FORTRAN Reference Manual
Introduction to Statements
FORTRAN Reference Manual—528615-001
6-5
Statement Labels
Figure 6-1 on page 6-3 shows the order in which statements can appear in your 
program.
Statement Labels
A statement label uniquely identifies a statement within a program unit and must not be 
defined more than once in that unit. A statement label consists of from one to five 
digits, ranging in value from 1 to 99999. All digits must appear in columns one to five. 
Blanks are ignored. The following examples show labels:
12334 CONTINUE <-- Valid (label is "12334")
123 4 CONTINUE <-- Valid (label is "1234")
123 45CONTINUE <-- Label is "1234"; "5" specifies that
 this line is a continuation line
A label is known only in the program unit containing it. You cannot reference it from a 
different program unit. You can label any statement, but only the FORMAT statement 
and executable statements can be referenced by other statements.
Error Numbers
The following I/O statements include an IOSTAT = ios option specifier:
BACKSPACE INQUIRE READ
CLOSE OPEN REWIND
ENDFILE POSITION WRITE
The error numbers returned in the IOSTAT = ios option specifier are different for many 
errors in FORTRAN programs compiled with ENV COMMON in effect than the error 
numbers returned to programs compiled with ENV OLD in effect.

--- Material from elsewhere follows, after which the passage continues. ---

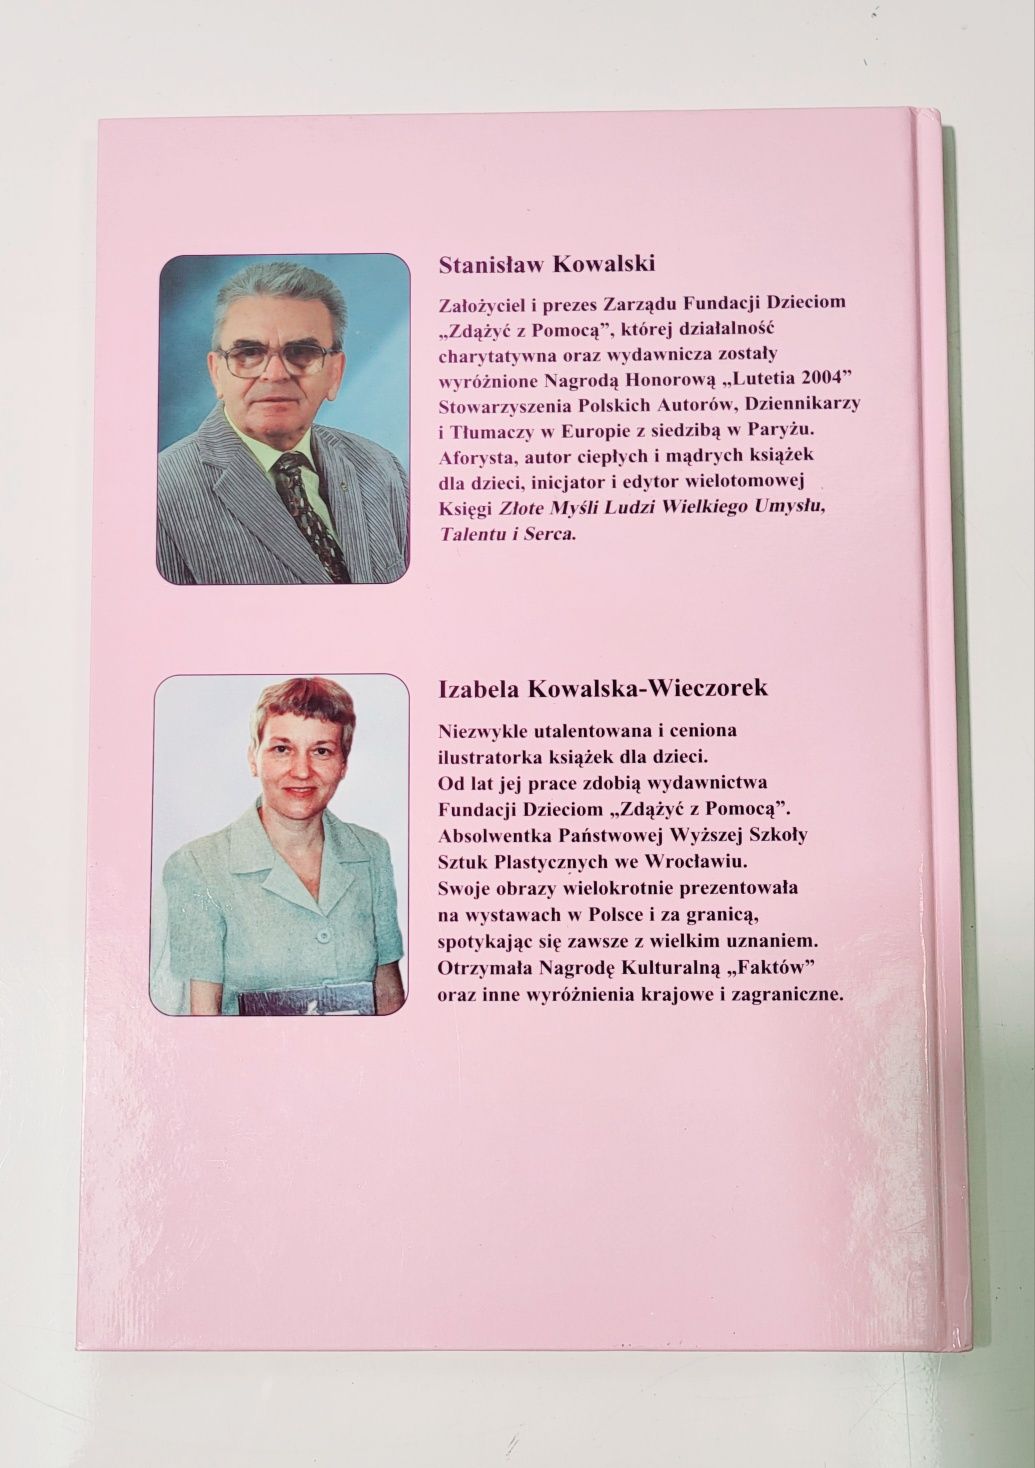 Stanisław Kowalski Opowieści dziadunia Książka i audiobook

In programs compiled with ENV OLD in effect, error numbers returned in ios are file 
system errors except error numbers 256 through 274, which are formatter error 
numbers.
In programs compiled with ENV COMMON in effect, if ios is less than 10000, the error 
number in ios is a Guardian error number. If ios is greater than 10000, the error 
number in ios corresponds to an error detected by the FORTRAN run-time library, and 
the actual error number is the value in ios minus 10000. For example, if ios is 48, the 
error returned is file system error 48, “Security Violation.” If ios is 10257, the error 
number is 257, “Invalid Parameter Value.”